Installation of DeepLabCut
We recommend to follow the installation instructions on the DeepLabCut websiteꜛ, as they are regularly updated. In the following, we provide a brief overview of the installation process:
- Install Python via Anaconda or Miniconda.
- It is recommended to run DeepLabCut on a GPU. If you have a
- NVIDIA GPU, install the according NVIDIA drivers, the CUDA Toolkit and cuDNNꜛ. To check your GPU is working, in the terminal, run:
nvidia-smi
- Apple Silicon chip, make sure to install miniconda and the GPU will be used by default.
- no GPU, you can still run DeepLabCut on your CPU. Proceed with the next step.
- NVIDIA GPU, install the according NVIDIA drivers, the CUDA Toolkit and cuDNNꜛ. To check your GPU is working, in the terminal, run:
- Create a virtual environment for DeepLabCut by using the yaml file provided by the DeepLabCut teamꜛ (either choose the according yaml file for PC (both Windows and Linux) or macOS). Once you’ve save the yaml file, create the environment by running the following command in your terminal:
conda env create -f DEEPLABCUT.yaml
Info: As of June 2024, the PyTorch Engine backend will be the default backend for DeepLabCut, and the TensorFlow backend will be depreciating by the end of 2024. Currently, if you want to use TensorFlow, you need to run pip install deeplabcut[tf]

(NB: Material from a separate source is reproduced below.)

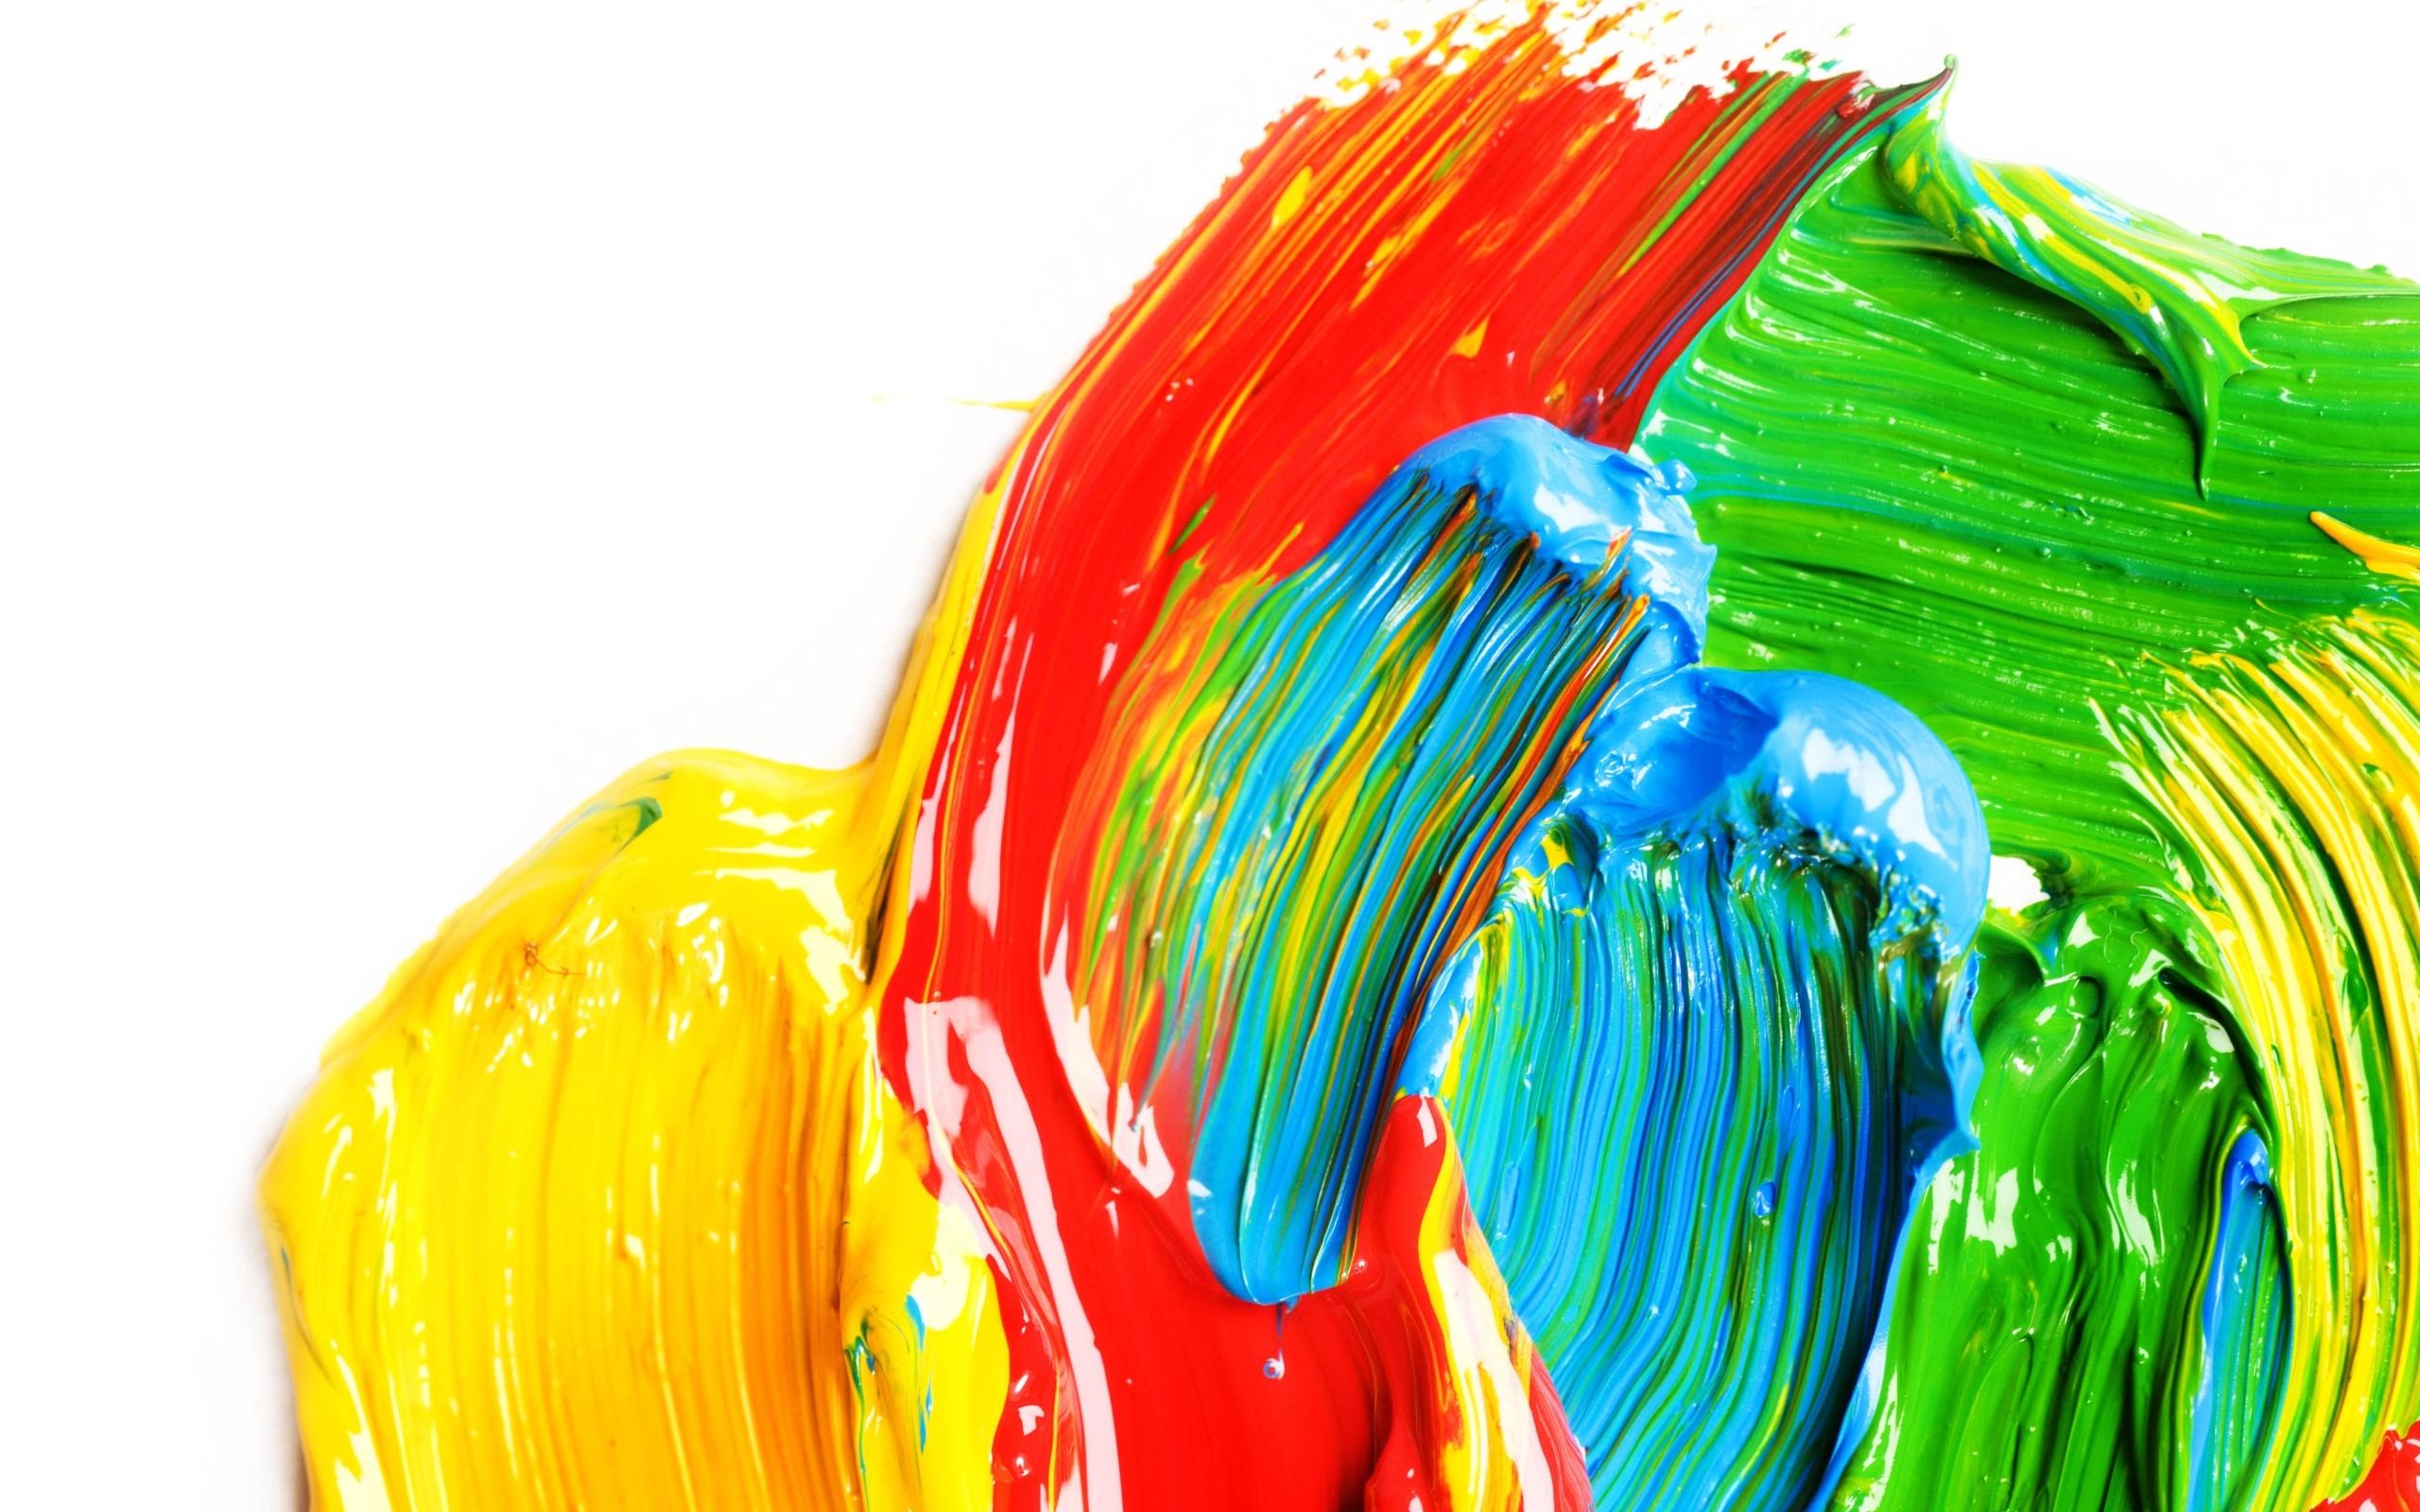 Paint Wallpaper  2560x1600  #65942

(or adjust the yaml file accordingly) in order to install the correct version of TensorFlow in your conda env.
Starting the DeepLabCut GUI
To start DeepLabCut with the graphical user interface (GUI), activate the conda environment and run the command deeplabcut
in your terminal:
conda activate DEEPLABCUT
python -m deeplabcut
Alternatively, you can start start the DeepLabCut GUI from within a Python script or an active IPython session via:
import deeplabcut
deeplabcut.launch_dlc()
Typical DeepLabCut workflow
Now, we will go through a typical DeepLabCut workflow, showing step-by-step how to get from raw video data to analyzed tracking data.
Test data set
A set of test data is provided during this tutorial. However, we can’t share these data publicly. As an alternative, you can use the DeepLabCut example movieꜛ, the example movies provided by Facemapꜛ, or use your own video data. You can even record some test videos with your smartphone or webcam.
Create a new project and adjust the configuration file
Once you have started the DeepLabCut GUI, DeepLabCut’s starting screen should appear:
Here, you can load an existing project or create a new project by clicking on the “Create a new project” button. You will be asked to provide a project name, the experimenter’s name, and a directory where the project will be saved:
You can already add your video files by dragging and dropping them into file list. You can optionally choose to copy the movies into the project directory. Further options you can adjust are number of cameras and whether the project is a multi-animal experiment or not.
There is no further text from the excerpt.